Подавленный Мейше-Бер отсчитал хозяину за оба мешка и не солоно хлебавши вернулся на мельницу.
Все местечко ликовало и радовалось победе Ицика.
Только его учитель
— Не подобает тому, кто изучает священное писание и готовится в пастыри, быть посмешищем в глазах паствы, — сказал рабби Ури, когда Ицик приволок в дом свой мешок, — Не лучше ли заработать на картошку молитвой?
— Разве я заработал ее нечестно? — весь сжался Ицик.
Тогда-то что-то и разладилось в их отношениях. Ицик затаил на рабби Ури какую-то неосознанную обиду. Она вставала между ними, как стена, за которой он спал, и Ицик не мог отыскать в ней ни одной щелочки, ни одной прорехи. Он по-прежнему до поздней ночи просиживал с рабби Ури над какой-нибудь строкой писания или вел с ним бесконечные споры по поводу будущего евреев, но в них уже не было той, захлестывавшей его страсти, того сжигавшего его плоть пыла и уверенности в правоте учителя.

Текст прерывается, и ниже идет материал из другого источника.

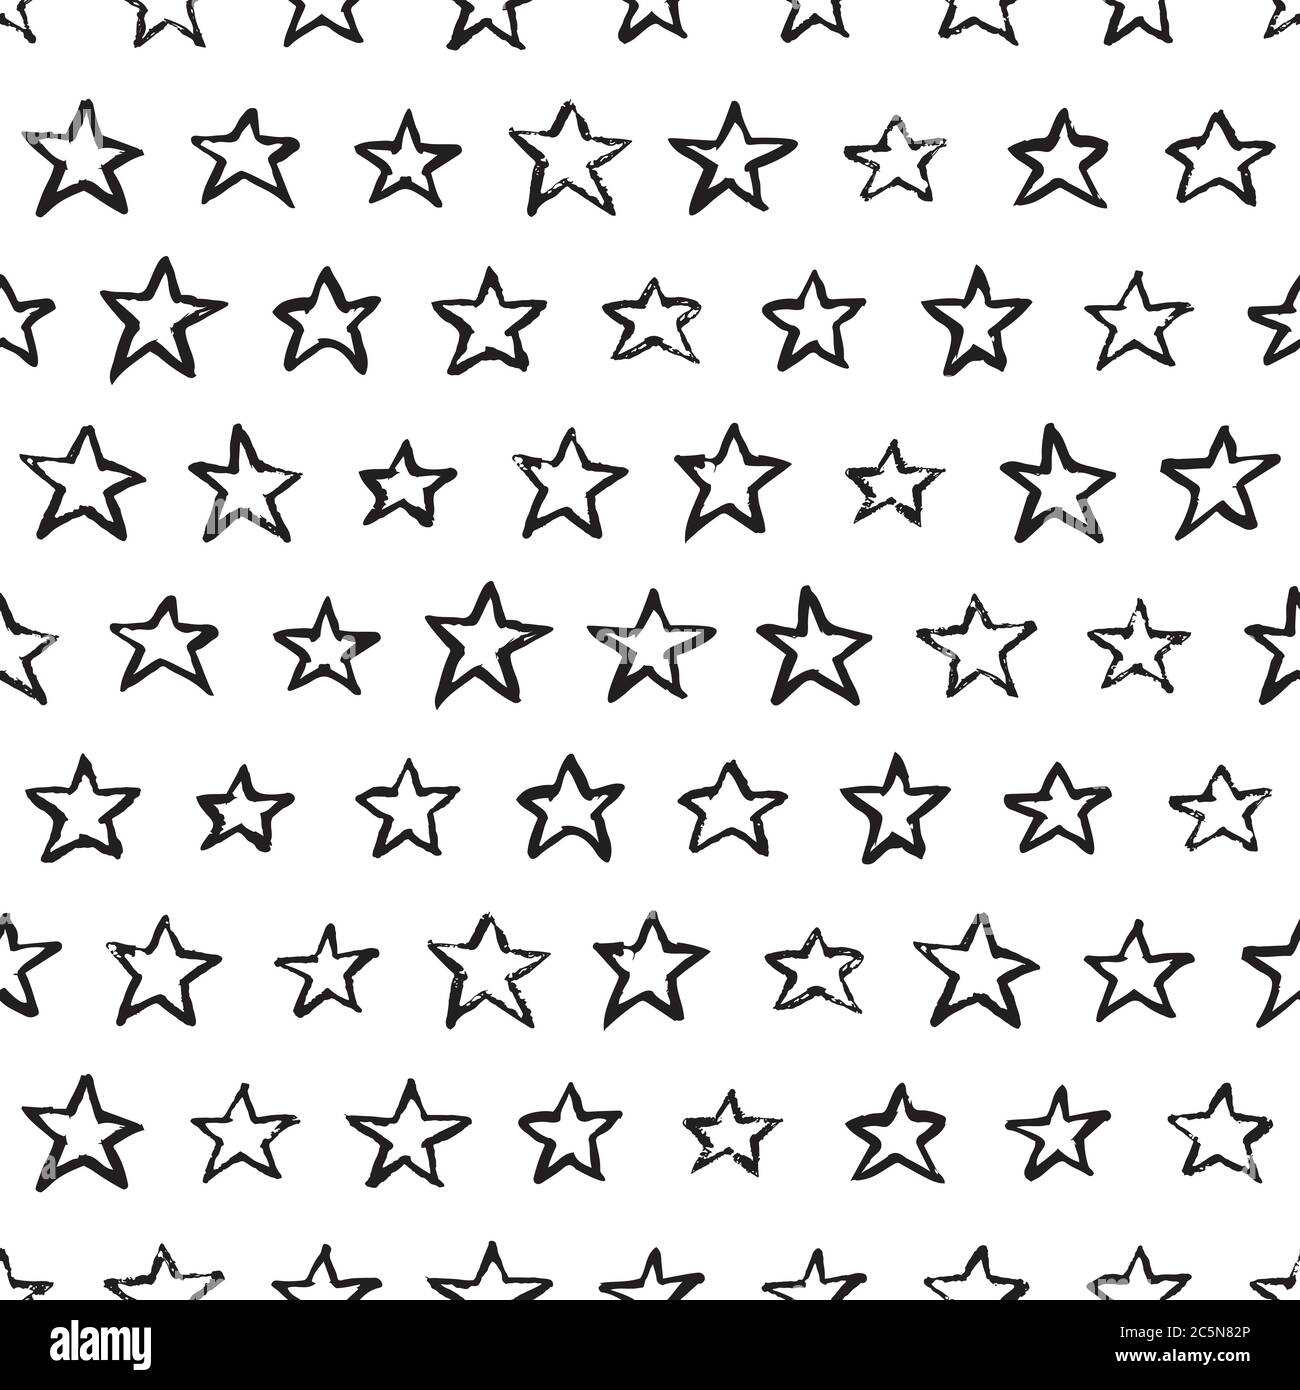 Abstrakt Aquarell Sterne Vektor nahtlose Muster. Trendy Mode-Textildruck in schwarz-weißen Farben. Art geometrische Tinte Textur Hintergrund. Handzeichnen Stock Vektor

Но не обида и не удивлявшая всех сила толкнули его в лес, на фрадкинские делянки.
Ицика угнетала замкнутость его жизни, ограничивавшейся какими-то старческими заботами, каким-то заколдованным, смущавшим его кругом. Неужели на свете ничего, кроме священного писания, кроме псалтыря, кроме постов и редких праздников, нет?
Иногда до Ицика доходили слухи о другом, не очень понятном, но привлекательном мире. Правда, и он, тот мир, был далек от него, как и какая-нибудь Ниневия или Вавилон. Но само его существование наполняло душу смутной и безотчетной тревогой.
— Мы здесь погибнем, — шептал ему Элханон Зайдбург, такой же ученик рабби Ури, как он. — Пора понять одну простую вещь: мы живем с тобой в России. Понимаешь, в России, а не где-нибудь под ливанскими кедрами, и нечего превращать ее в Израиль. Бежим отсюда, пока не поздно!
— Куда?
— В Вильно! В Москву! В Петербург! К черту на кулички!
— А правожительство?
— Правожительство — не эполеты. Как-нибудь добудем его — не дураки, — уговаривал Элханон.
— Я хочу остаться евреем, — простодушно ответил Зайдбургу Ицик.
— А разве тебя кто-нибудь тянет за уши в иноверцы? Хочешь оставаться евреем — оставайся на здоровье. Но крышу… крышу же можно сменить, чтобы не капало, чтобы ветер не задувал…
— Какую крышу?
— Некоторые принимают православие и…
— И что?
— До гроба остаются евреями.
— Я не согласен жить под такой крышей. Не согласен, — твердо сказал Ицик. — Лучше на морозе. Лучше на ветру.
— Ты только не подумай, будто я подбиваю тебя на что-то дурное. Я говорю с тобой, как с другом. Или ты, может, собираешься всю жизнь спать за ширмой у рабби Ури?
— Не собираюсь.
— Старика, конечно, жалко. Но у каждого своя судьба. Тебе, пойми, легче. Ты сирота. А у меня родители… Они спят и видят во сне своего сына раввином.
— Зачем же их будить?
— По-твоему, я должен залезть под одеяло и видеть те же сны… Сны, сны, сны!.. Вечные еврейские спутники!..
Речи Элханона Зайдбурга пугали Ицика и странно влекли. Он восхищался его сметливостью, житейской хваткой, непреклонностью, доходившей до исступления. Но было в нем что-то скользкое, неуловимое, как озерная рябь. Он никогда не говорил
Больше всего Ицика коробила постоянная готовность Элханона к предательству, для оправдания которого он находил тысячи причин в прошлом и настоящем. На кого он только не ссылался: и на Моисея, выведшего еврейский народ из египетского плена, и на знакомого мирового судью, бывшего еврея, и на отступника Баруха Спинозу.
— Человек всегда кого-нибудь предает, — уверял Зайдбург. — Себя или других. Другого выхода у него нет. Единственное, во что можно верить, не обманывая себя и своих ближних, это — смерть.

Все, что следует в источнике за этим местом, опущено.